§ How to complete this task
Return the full listing unchanged, apart from leaving out its images.

§ Dataset extract
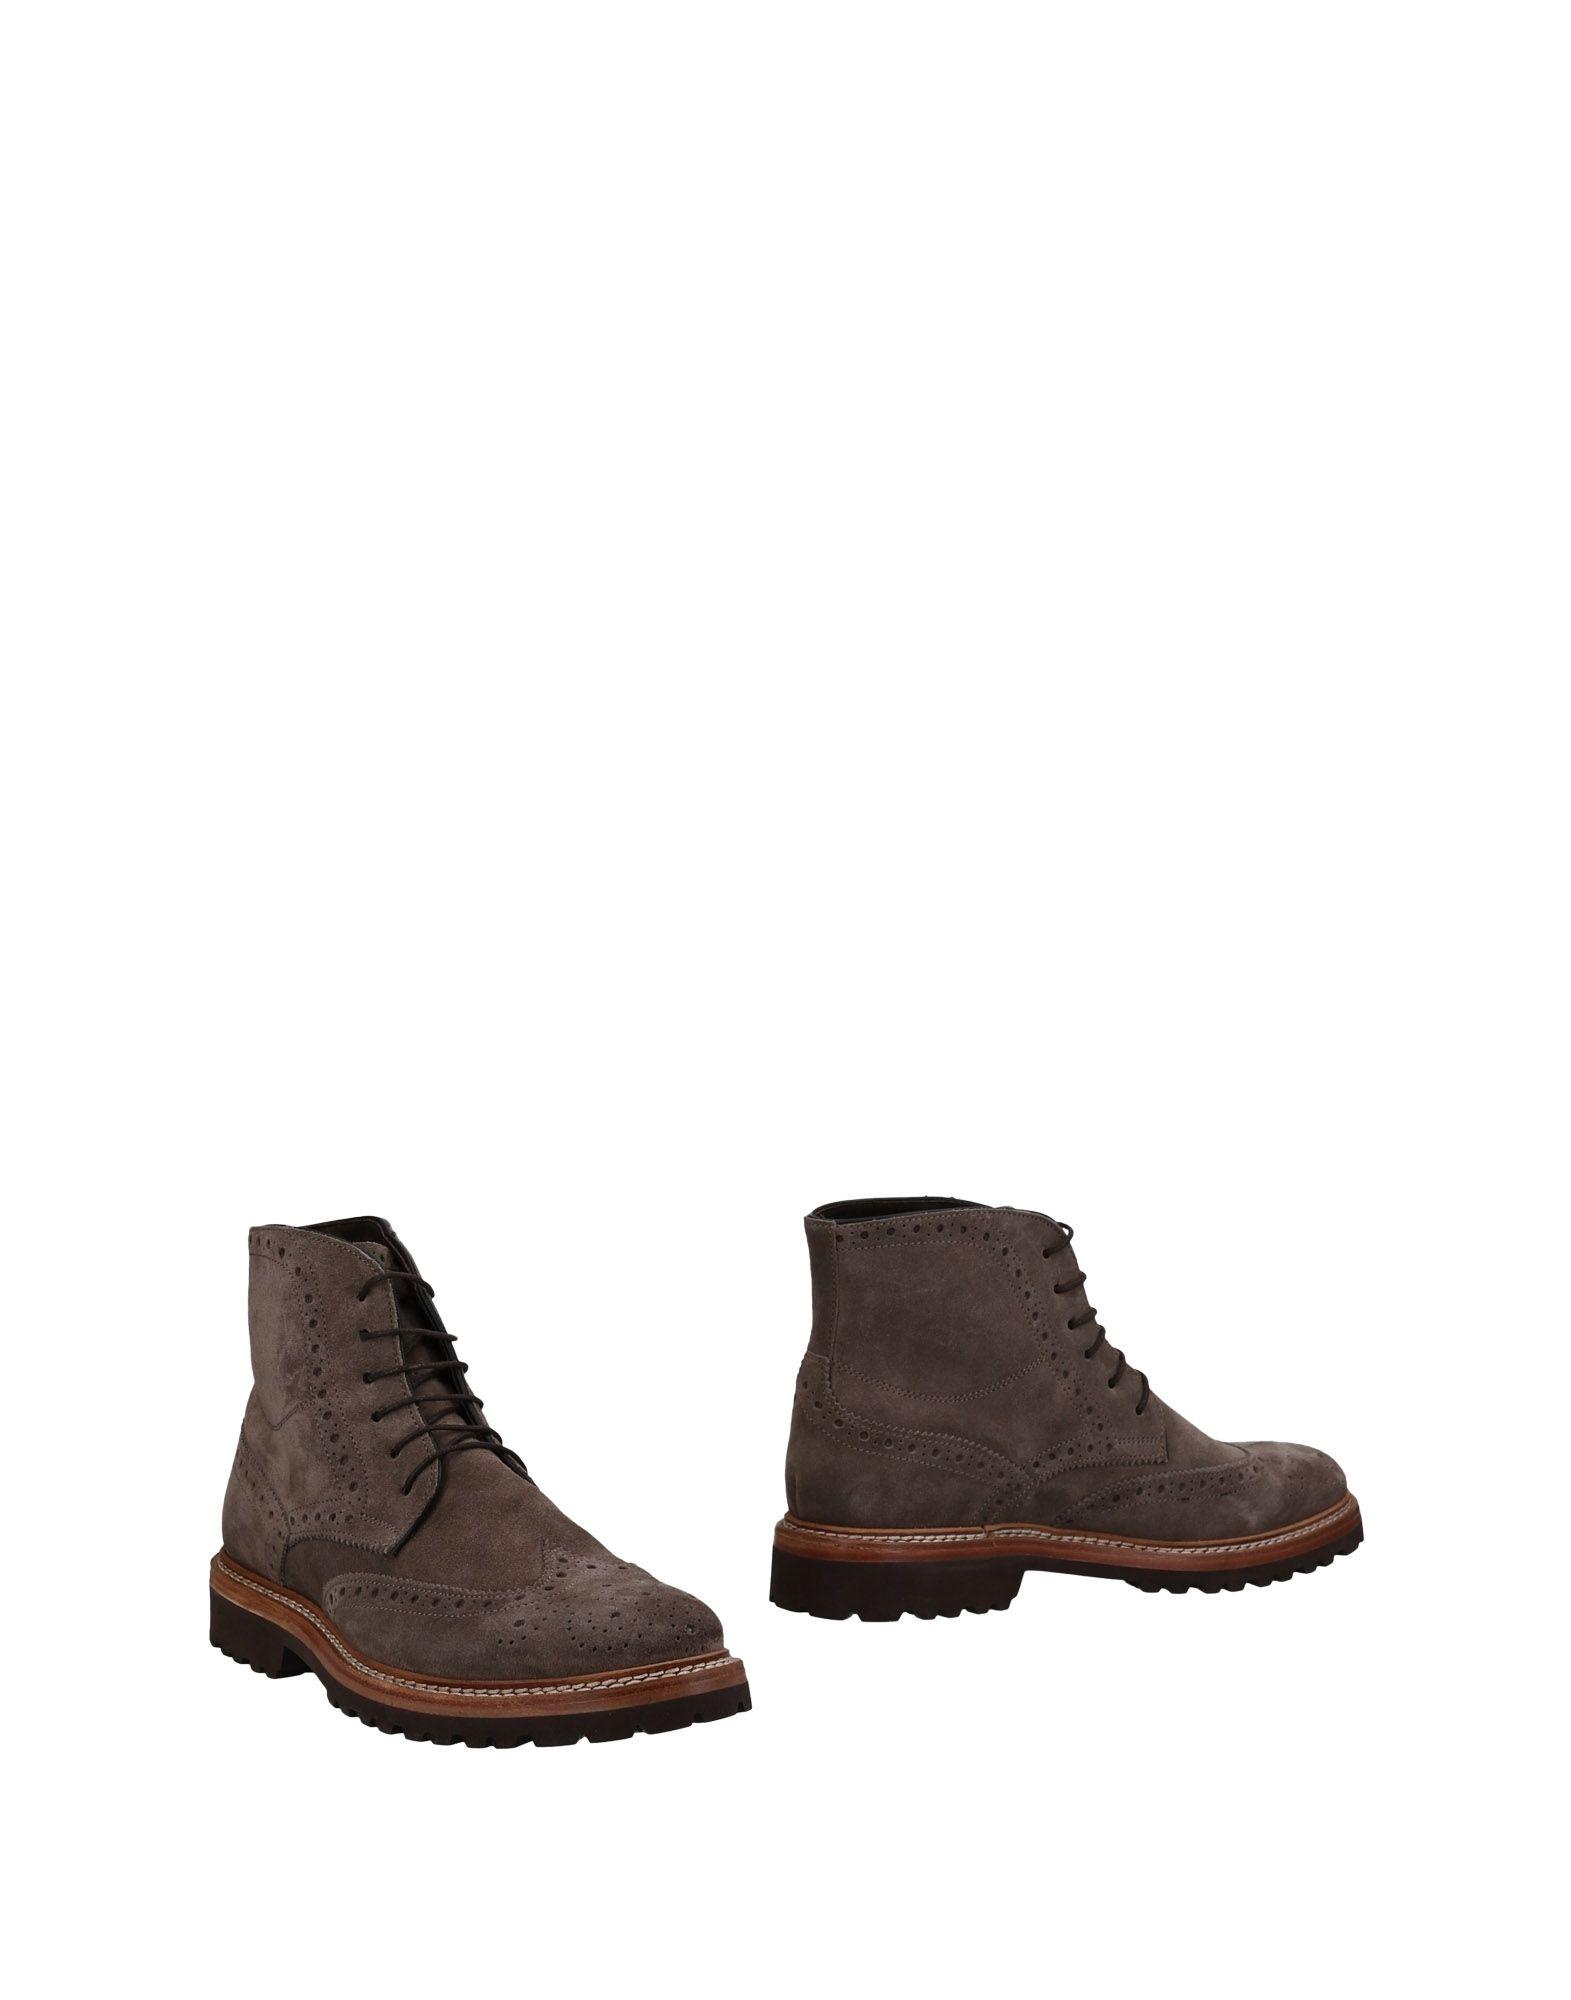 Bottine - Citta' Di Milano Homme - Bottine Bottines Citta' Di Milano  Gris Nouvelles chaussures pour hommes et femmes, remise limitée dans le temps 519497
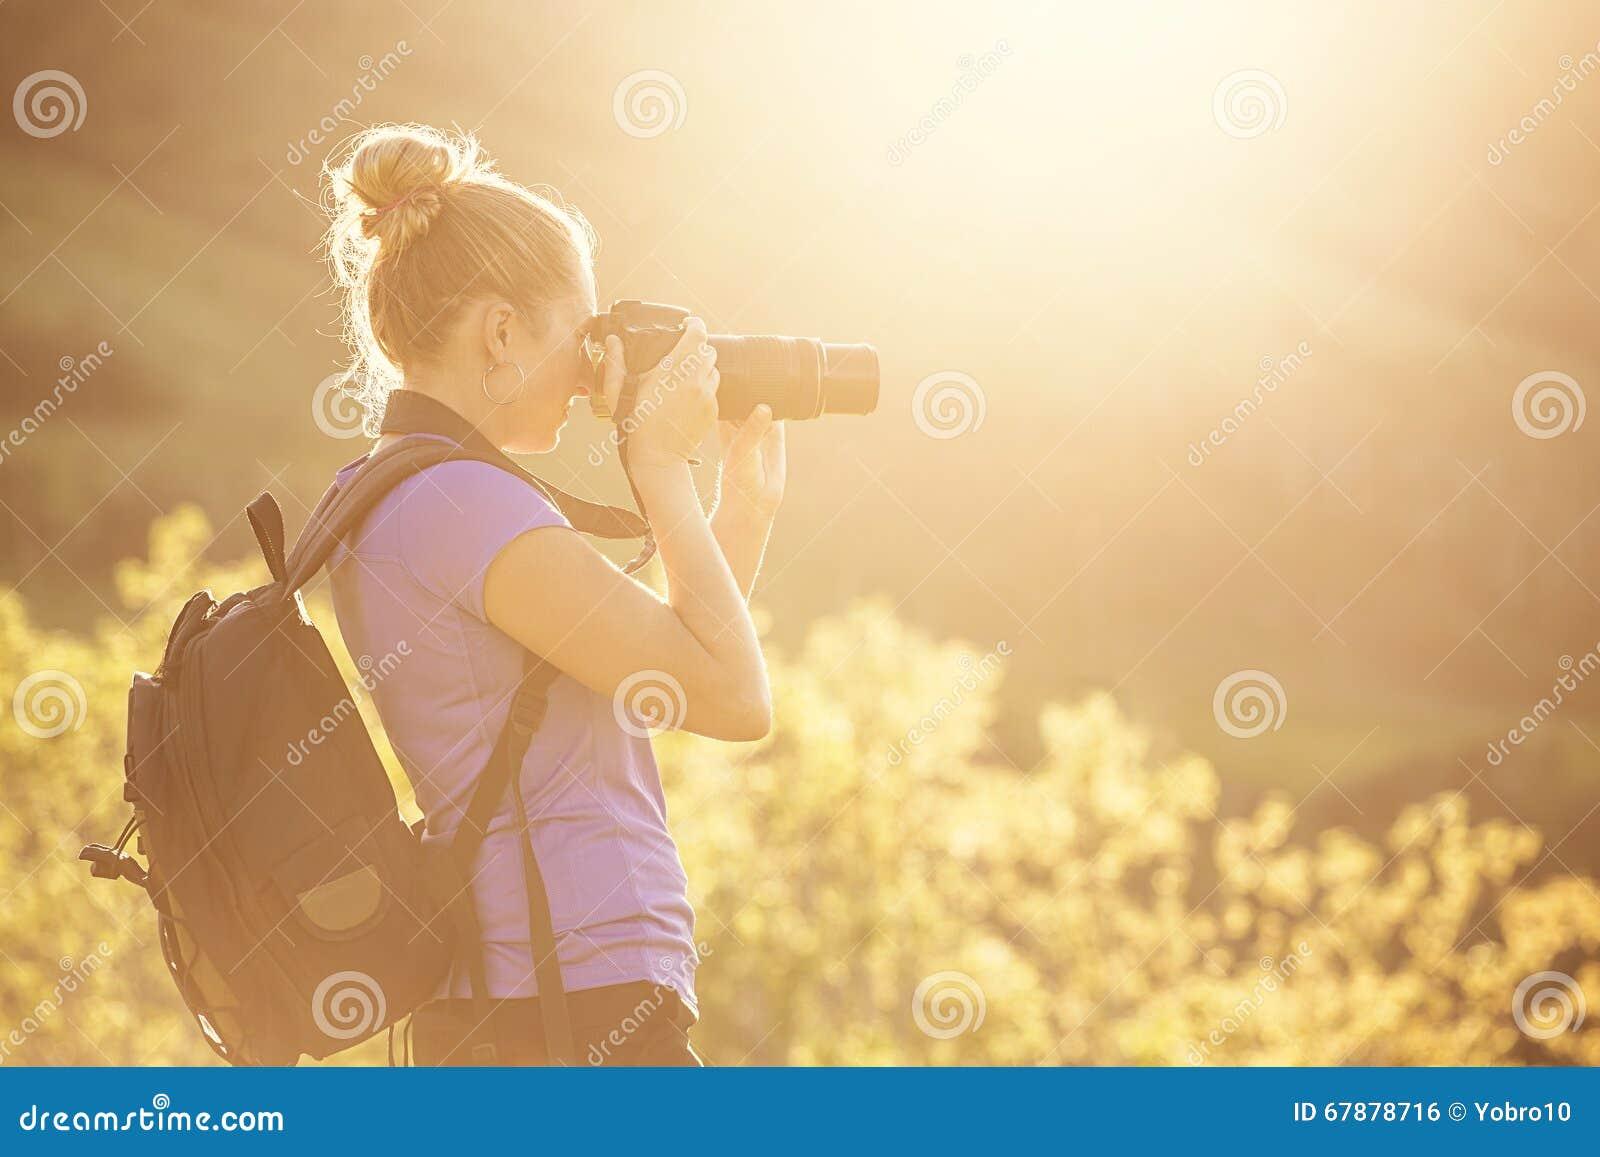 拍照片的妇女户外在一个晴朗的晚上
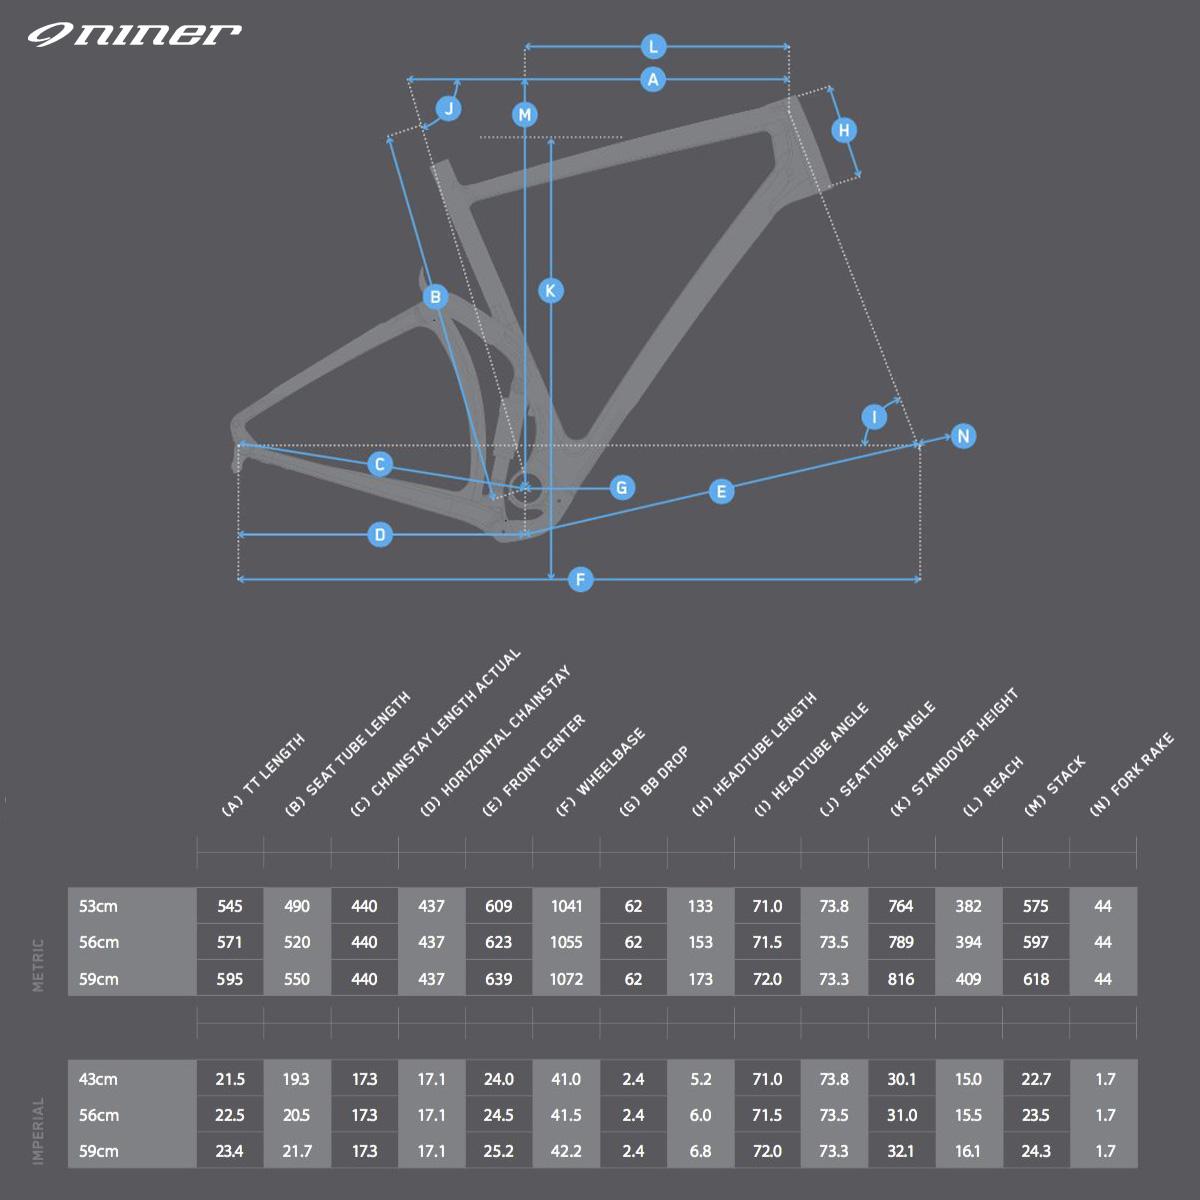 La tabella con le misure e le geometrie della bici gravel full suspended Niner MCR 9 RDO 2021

§ Your response
 Bottine - Citta' Di Milano Homme - Bottine Bottines Citta' Di Milano  Gris Nouvelles chaussures pour hommes et femmes, remise limitée dans le temps 519497
 拍照片的妇女户外在一个晴朗的晚上
 La tabella con le misure e le geometrie della bici gravel full suspended Niner MCR 9 RDO 2021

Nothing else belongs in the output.